I am fairly certain, as a child, I made a Christmas wish list. I do know it never went to “Santa”, though up until I turned eight years old, I received presents from the fat man in red. The next year, I discovered who Santa really was, and that ended the gifts from him.
I still really had no aversion to Christmas, though clearly I never really celebrated it with all the glitz and commercialism. I most certainly never celebrated the day for what it was supposed to matter to me as a Lutheran. But in 1988, when I got diagnosed with Hodgkin’s Lymphoma, I certainly seemed to know where to direct my anger. In 1988, I never wanted to hear the word Christmas ever again.
Things were different for me in 1989, though I was still in the middle of my chemotherapy. The anger was gone. And scans had shown the chemotherapy was working. And then I said it, “all I want for Christmas is for this to be over with.” This is truly the first thing that I can remember ever asking for, for Christmas.
For the next decade and a half, I would never ask for anything for Christmas again. I would participate in Christmas activities, such as attending parties, going to Christmas Eve church service (one of the two times a year I would attend Church), and even decorate, quite extravagantly. Some say I aspired to be Clark Griswald with some of my outdoor displays.
While I did not particularly care for Christmas any longer, I did not want to ruin it for anyone else. That would change with the arrival of my daughters.
I still did not ask for anything for Christmas, but at least I felt my heart get back into the spirit of Christmas.

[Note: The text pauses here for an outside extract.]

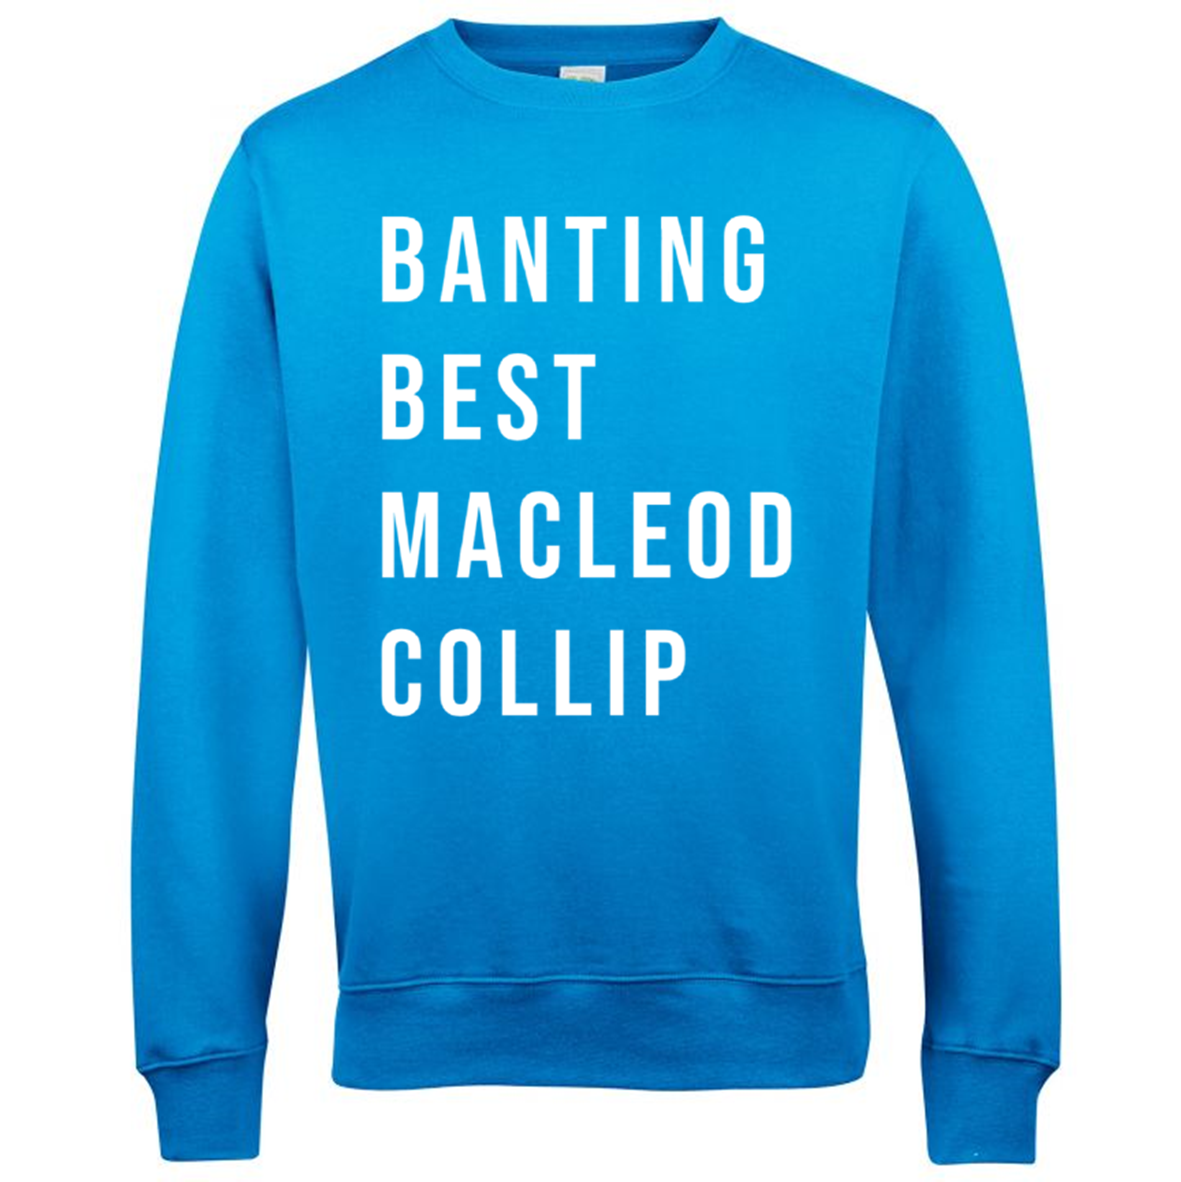 Banting, Best, Macleod & Collip Sweatshirt

And I found myself once again, getting involved with the religious part of the holiday by once again attending the Christmas Eve service with my daughters.
And seeing how much Santa meant to my children, I did everything I could to protect their enjoyment of the holiday, dreading the day that they too would discover that Santa was nothing more than a “belief”, or spirit.
Every year since my daughters were adopted, I would put on a Santa suit, and video and pictures would be taken of me placing gifts under the tree, eating the cookies and drinking the room temperature milk, just to have something to actually show Santa had come. I even played with Pollo, our golden retriever.
And that is where the cover was almost blown. As both of my daughters were excited to see Santa had come, and what he had done, my oldest daughter at age 3 could not help but notice one glaring concern with Santa. No, not that Santa forgot the belt, but “look Daddy, HoHo’s wearing your sneakers!” I would make sure to put the black overlays on from that year on.
But while I always encouraged my daughters to write a Christmas wish list to Santa, their requests were always modest, nothing outlandish. And this they did on their own. Neither daughter had been raised to be materialistic. And neither daughter has ever asked, “is that all there is” following the conclusion of opening gifts. And I continued to not ask for anything for Christmas.
Well, as usual, the question has been asked of me again, by so many, “what do you want for Christmas?” This year, I actually have one thing I would like. Last year, during the Christmas break, my children visited me.
That to me was the best gift they could have ever given to me. And so, that is what I have asked for again this year.
The funny thing is, in conversation with my daughters the other night, my youngest had mentioned that she wanted to buy me something for Christmas. But my oldest was very quick to chime in, “our going to visit Dad is his Christmas gift.” I am so proud of my daughters as it is, but my oldest hit the nail right on the head. She knows me well enough, to be with them once again, is all I want for Christmas.
See you soon.
Merry Christmas everyone. Happy Chanukah. And Happy New Year.